There is a significant gap, almost $200 million, between Cooper’s plan and those requests discussed by the House working groups. A Department of Public Instruction survey found 300,000 North Carolina students without devices for online learning, and DPI is asking for $91 million to purchase new Google Chromebooks with 4-year warranties to provide to those students.

DPI’s total request is nearly $380 million, with $150 million pegged for new digital learning needs brought on by COVID-19, including the laptops. 

“We tried to respond to the policy issues that were being brought to us by the educators,” said Clemmons, another finance committee member. “I hope that we honor that the federal resources that are coming through our state are to meet the immediate needs of the people in our state.” 

Rep. Ashton Clemmons, D-Guilford

Horn acknowledged that online learning has forced teachers to learn new ways of doing their jobs. At the same time, he expressed frustration that one of 2019’s big sticking points – teacher pay raises – has resurfaced.

“I want to laugh in their face, and I don’t say that lightly,” said Horn. “Don’t get me wrong. I support a pay raise for teachers. But right now, the house is burning down, and we’ve got millions of people out of work.”

The education working group alone received funding requests topping half a billion dollars from the public schools, community colleges, the UNC system and private colleges and universities.

Cooper’s proposal includes about two-thirds of that total, or $320 million for education, plus another $300 million for highway projects left unfunded because the state is losing tens of millions of dollars a month in gas tax revenue under the current stay-at-home order. 

Unemployment & Health Insurance

With more than 700,000 North Carolinians having filed for unemployment since mid-March, many of them losing health insurance when they lost their jobs, Democrats are calling for bigger thinking on protecting people out of work and needing medical treatment.

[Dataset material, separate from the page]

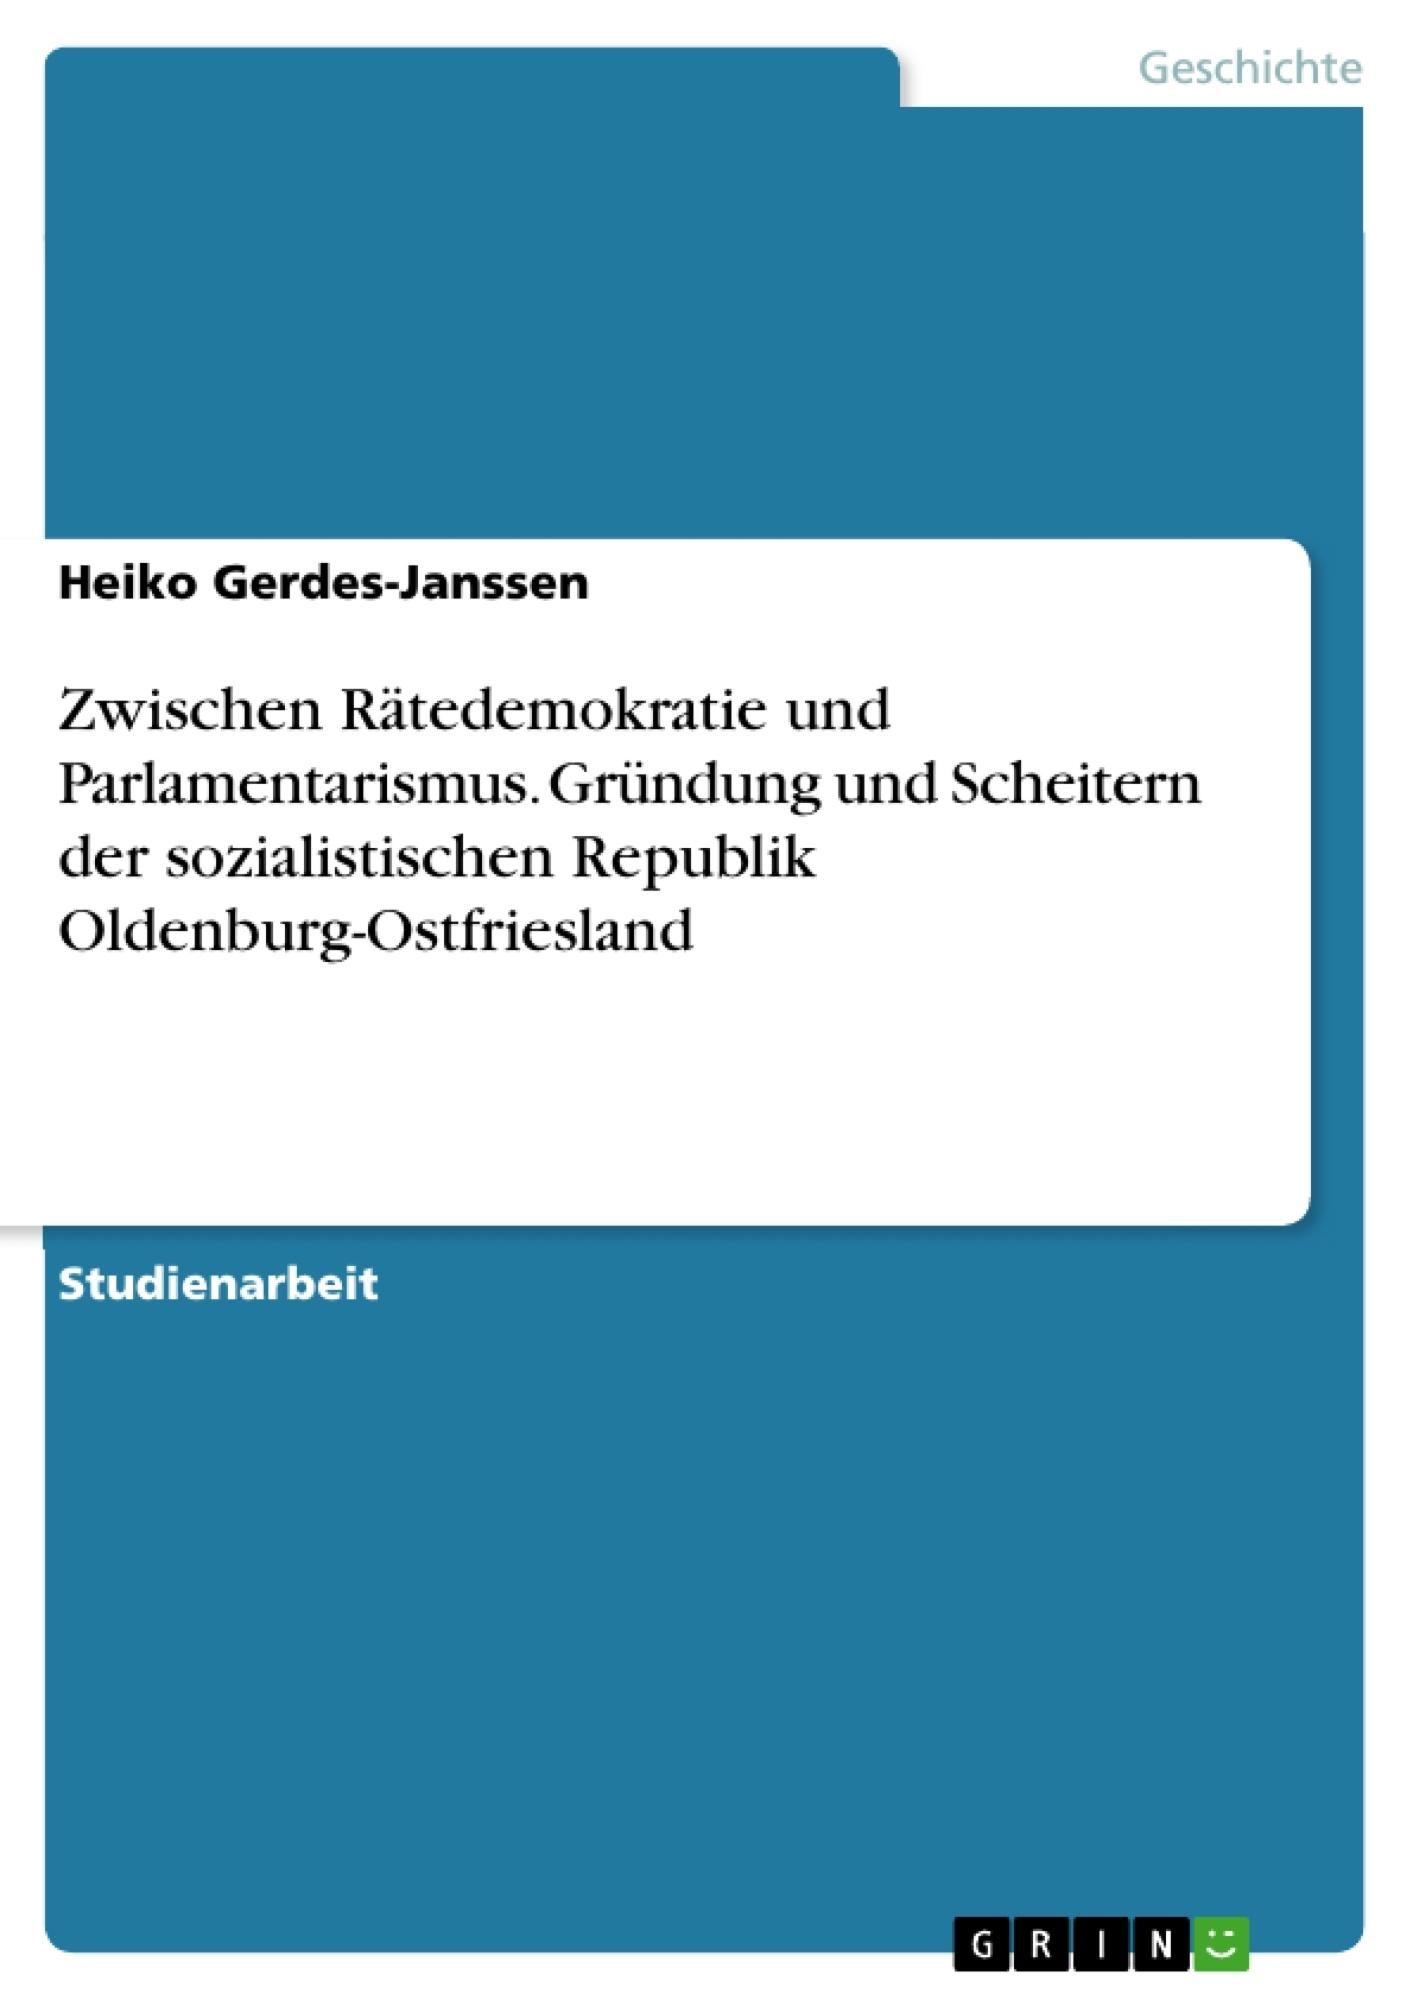 Titel: Zwischen Rätedemokratie und Parlamentarismus. Gründung und Scheitern der sozialistischen Republik Oldenburg-Ostfriesland

“We need to reform the unemployment system and paid leave,” said Jackson. “Simply put, North Carolina has the worst laws in the country to compensate unemployed workers.”

“Expanded health care coverage would put us in a stronger position to deal with this epidemic or future epidemics,” Jackson added. “Plus, it would create healthcare jobs and build healthcare infrastructure – particularly in rural areas. Has the need for that investment ever been more clear?”

So far, the General Assembly is considering a Medicaid expansion limited to the prevention, testing and treatment of COVID-19. On Tuesday, the House Standing Committee on Health endorsed House Bill 1037 toward that end. Even before COVID-19, 1 in 10 North Carolina residents was uninsured, more than 1 million people.

Jackson also said the governor’s $75 million proposal for testing, tracing, data and personal protective equipment is crucial for business, to “keep us safe and allow us to get back to work more quickly.” In all, more than $300 million is tabbed for public health, safety and nutrition like the school lunches that have continued even as schools have been closed.

Cooper recommends another $300 million for local governments who’ve lost some of their own revenue with new COVID-related expenses.

Small Business

Legislators in both parties have prioritized the small business relief package included in Cooper’s plan. The House Standing Committee on Finance Tuesday afternoon endorsed $75 million for the Golden Leaf Foundation to expand on the $15 million in loans it has already disbursed to businesses with under 100 employees. 

“That was taken up in 48 hours, so the need is tremendous,” said Rep. Stephen Ross, R-Alamance, finance committee co-chair.